You are overflowing RAM by a mere 1248 bytes. There are 2 paths:
Minimize memory usage in your part
Minimize memory usage in USB CDC part
For your part, you’re allocating a 16kB buffer
Which is your maximum size for a read request. You read in the cartridge data byte-by-byte in this huge buffer
then calculate the checksum over the whole data and then print the whole buffer.
This is highly wasteful. You can tweak the protocol so that you can do:
print header with its checksum first
have a 1-byte buffer (or block size for more efficient reads), read from the cartridge, print it immediately on the UART. For every output chunk written, update the internal checksum (which you have implemented as a simple 16-bit summation). Since the whole thing is additive, you can just add to the previous checksum checksum += CalculateChecksum(new_data, new_data_len);
at the end of the packet, write your final data checksum
adapt the readout logic on the other side.
This enables you to not need a 16kB buffer and also your maximum read size restriction is gone and is basically infinity / cartridge length. Thus you have freed 16kB and can do USB-CDC again.
This “streaming” approach requires just the minimal amount of memory compared to your “whole block read” approach.

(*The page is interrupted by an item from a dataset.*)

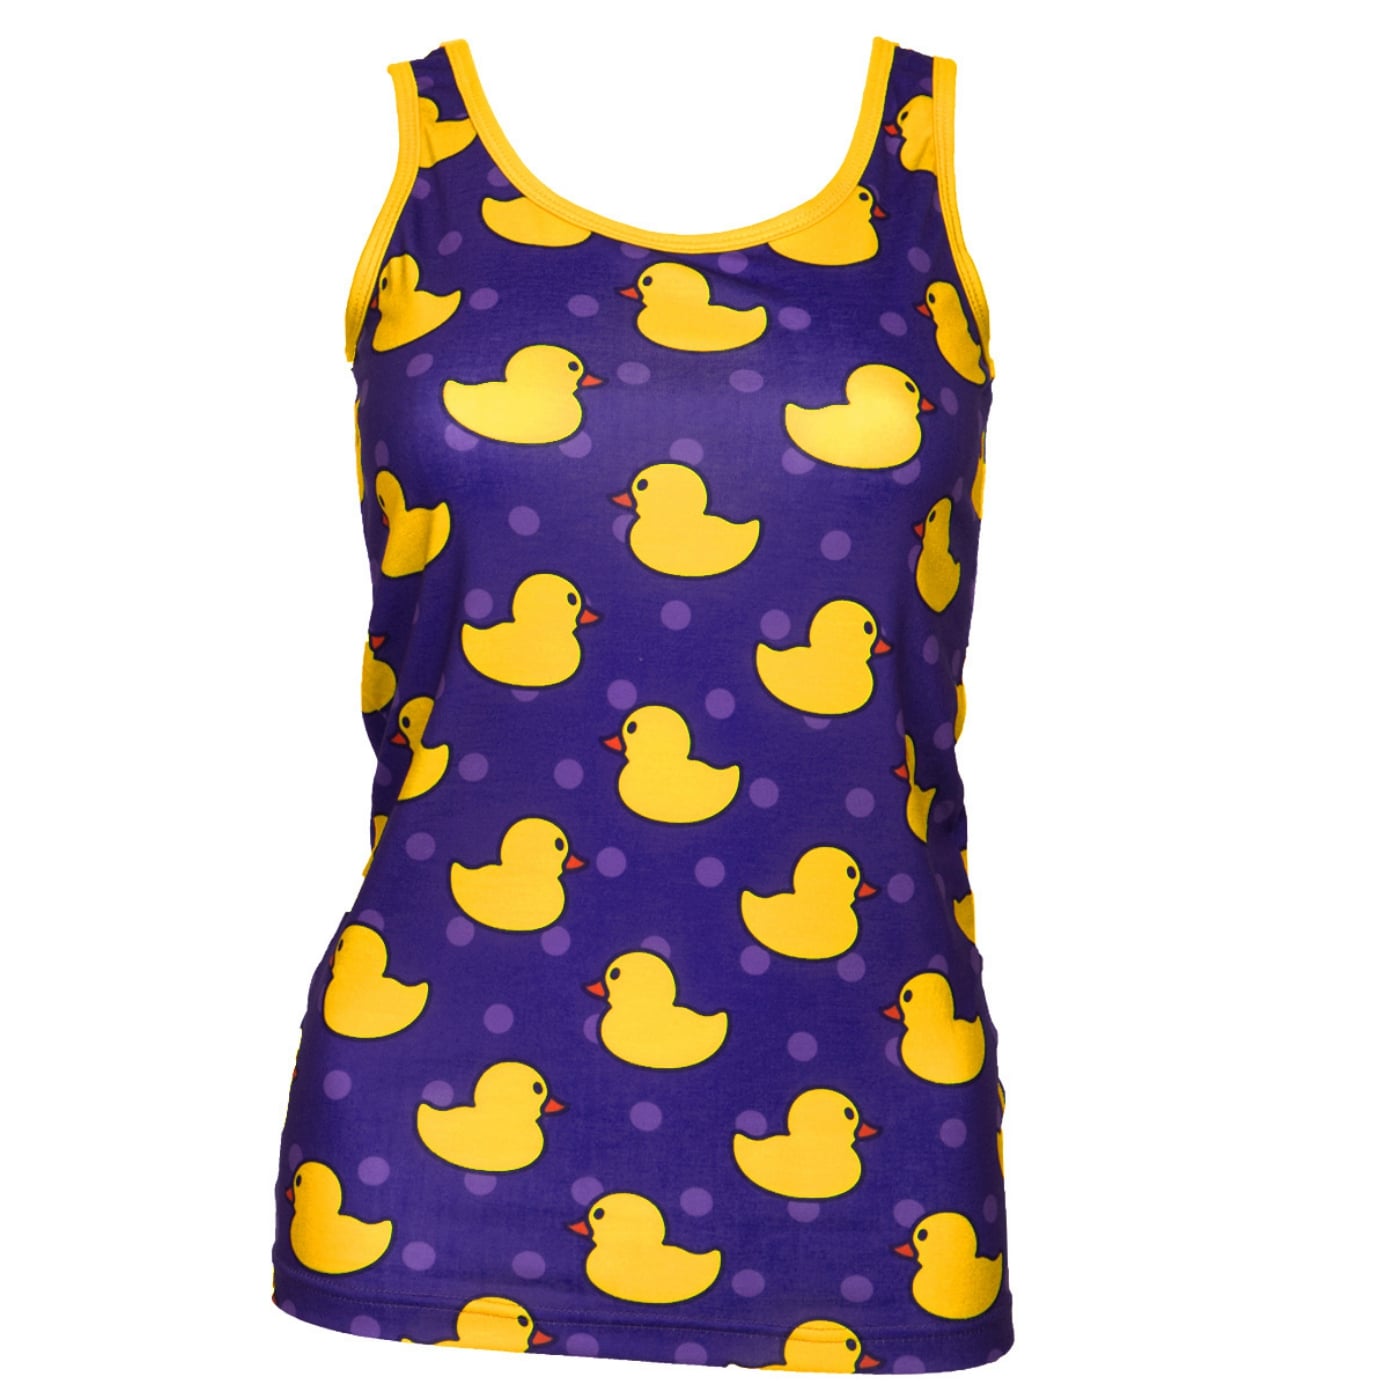 Yellow Ducky Singlet Top by RainbowsAndFairies.com.au (Yellow Duck - Rubber Duck - Rubber Ducky - Vintage Inspired - Kitsch - Tank Top) - SKU: CL_SGLET_DUCKY_YEL - Pic-01

The other path would be to optimize buffer sizes within the USB CDC HAL. Best I could find is these queue buffers
So the receive queue will have length 64 * 3 = 192 and the TX queue 128 bytes. Not really significant and some more memory must be used elsewhere (HAL implementations, Arduino core layer etc). You can use Amap | Sergey Sikorskiy to find all memory usage using a map file.
But I’d really suggest a more efficient implementation of the readout logic.